#### Problem to work on:
Please output the lines from the one with "Maserati Quattroporte or" through the end of the data exactly as written, omitting all pictures.

#### Data:

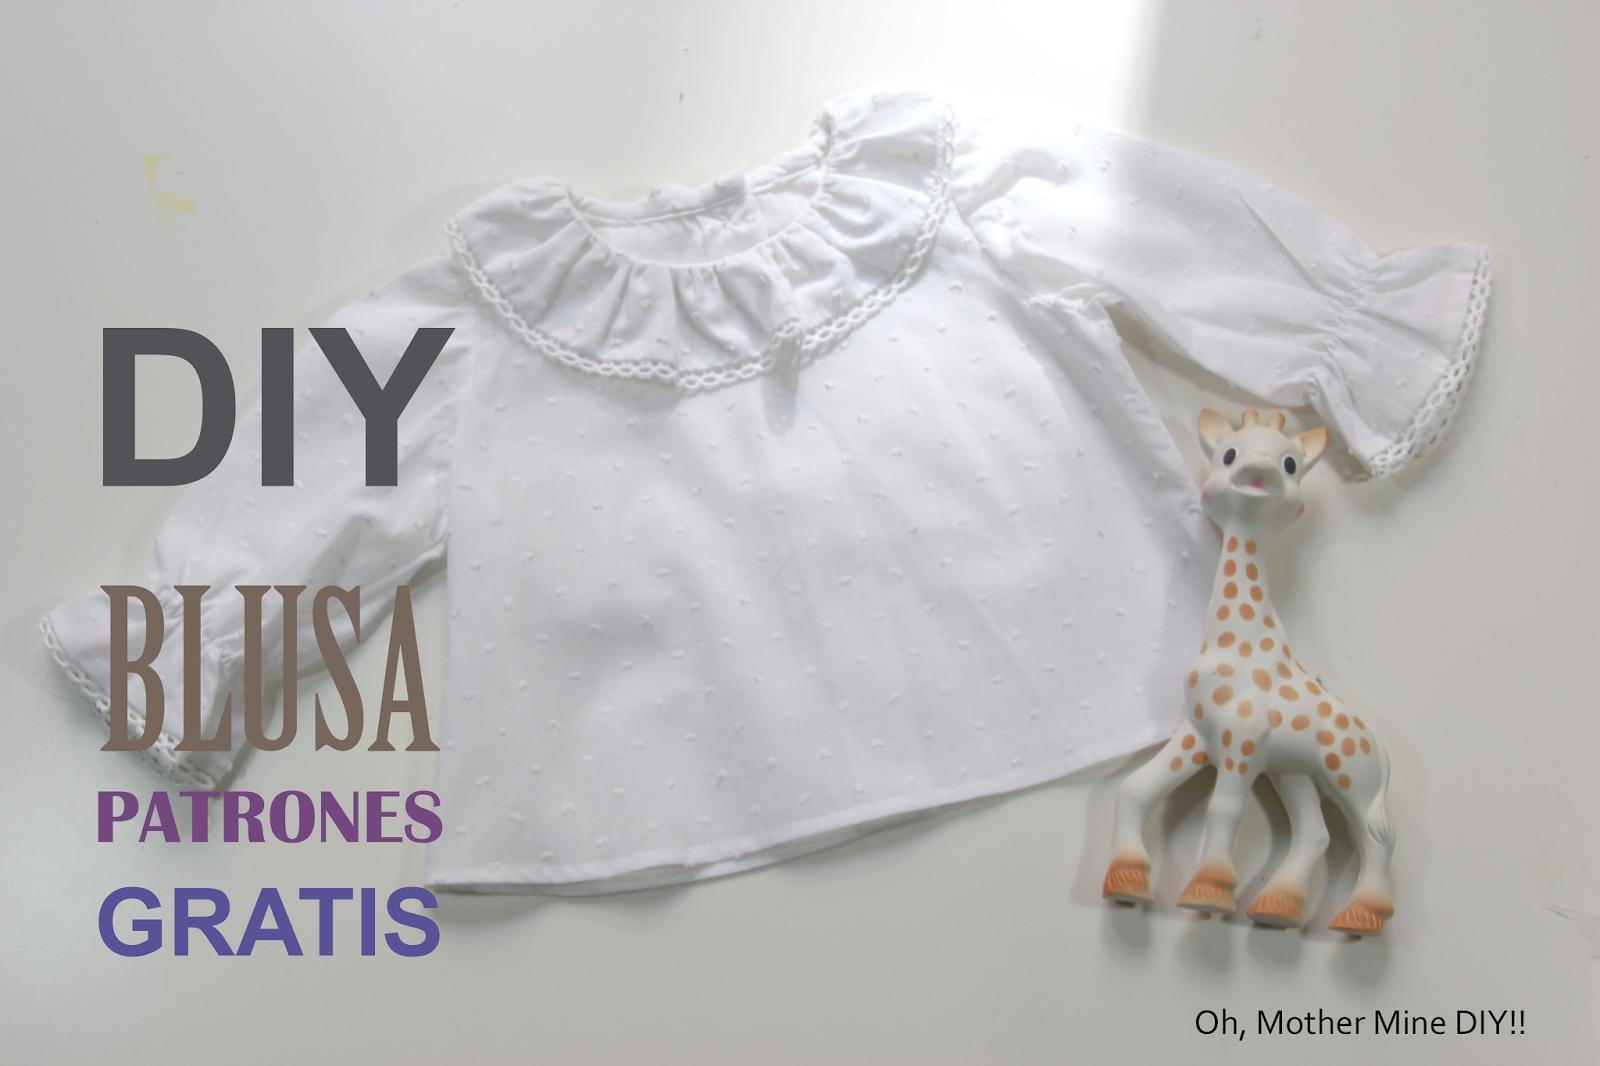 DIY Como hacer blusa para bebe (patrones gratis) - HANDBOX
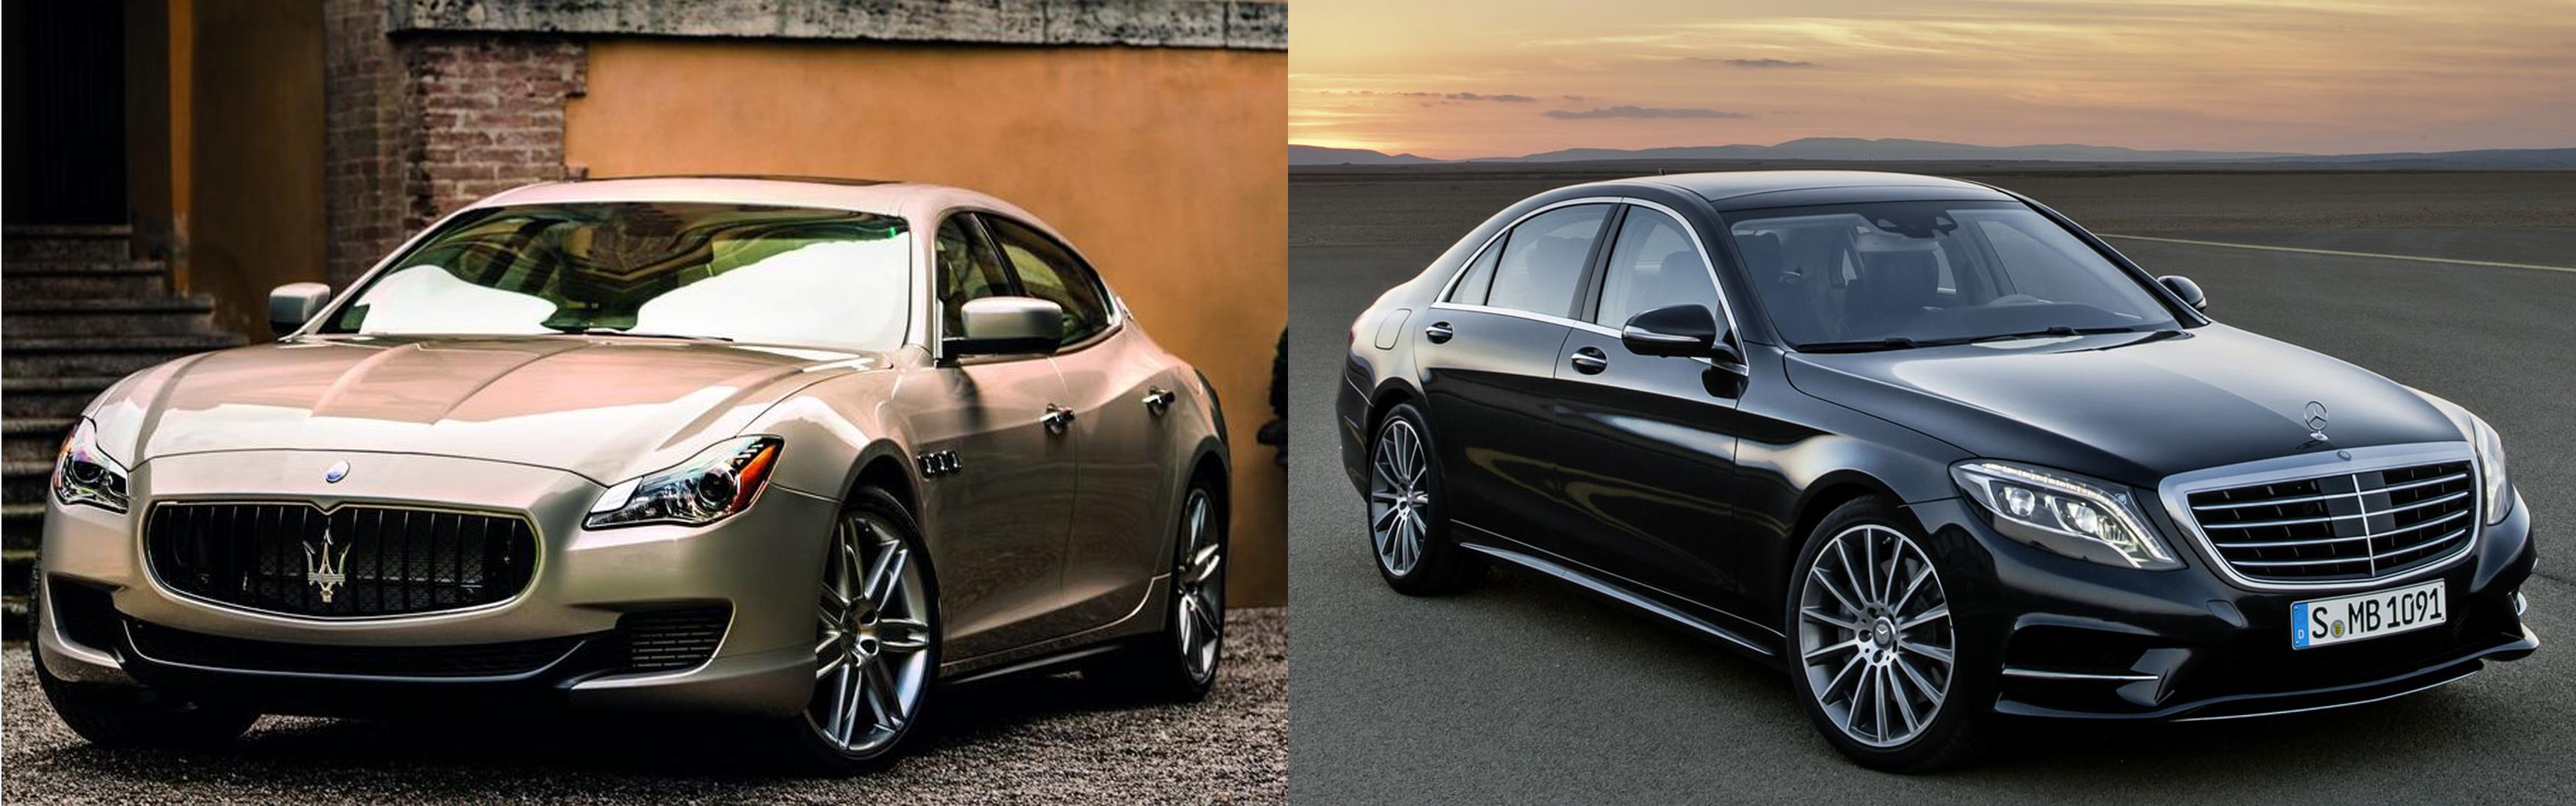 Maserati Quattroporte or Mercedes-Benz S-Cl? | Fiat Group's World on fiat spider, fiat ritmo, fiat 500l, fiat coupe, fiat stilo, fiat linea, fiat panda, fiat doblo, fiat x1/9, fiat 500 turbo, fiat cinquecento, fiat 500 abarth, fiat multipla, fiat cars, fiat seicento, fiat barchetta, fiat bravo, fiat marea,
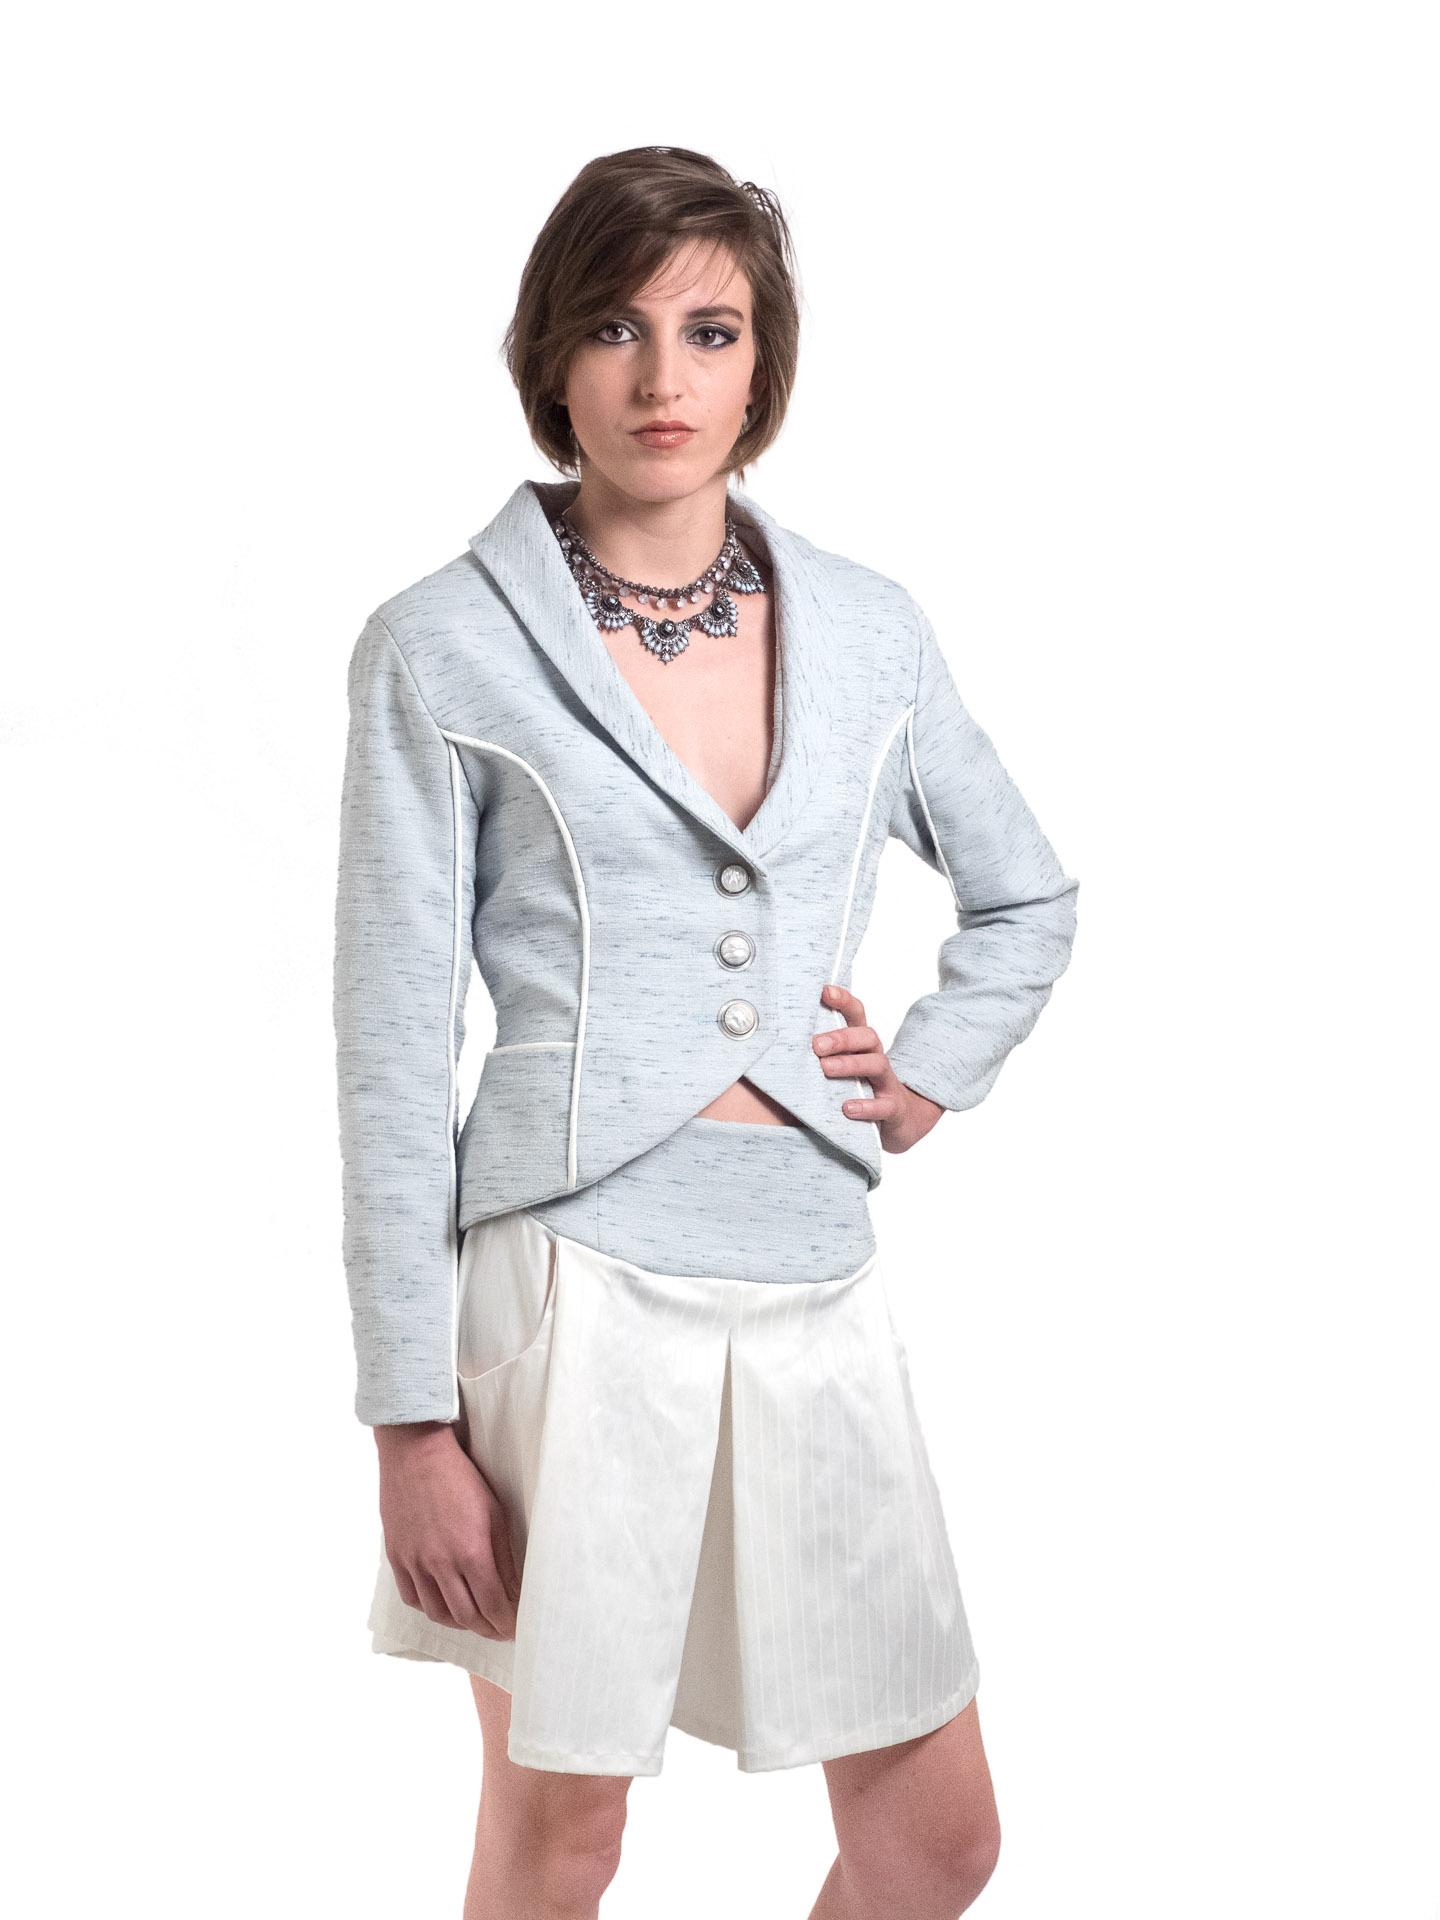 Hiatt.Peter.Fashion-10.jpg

#### Final answer:
 Maserati Quattroporte or Mercedes-Benz S-Cl? | Fiat Group's World on fiat spider, fiat ritmo, fiat 500l, fiat coupe, fiat stilo, fiat linea, fiat panda, fiat doblo, fiat x1/9, fiat 500 turbo, fiat cinquecento, fiat 500 abarth, fiat multipla, fiat cars, fiat seicento, fiat barchetta, fiat bravo, fiat marea,
 Hiatt.Peter.Fashion-10.jpg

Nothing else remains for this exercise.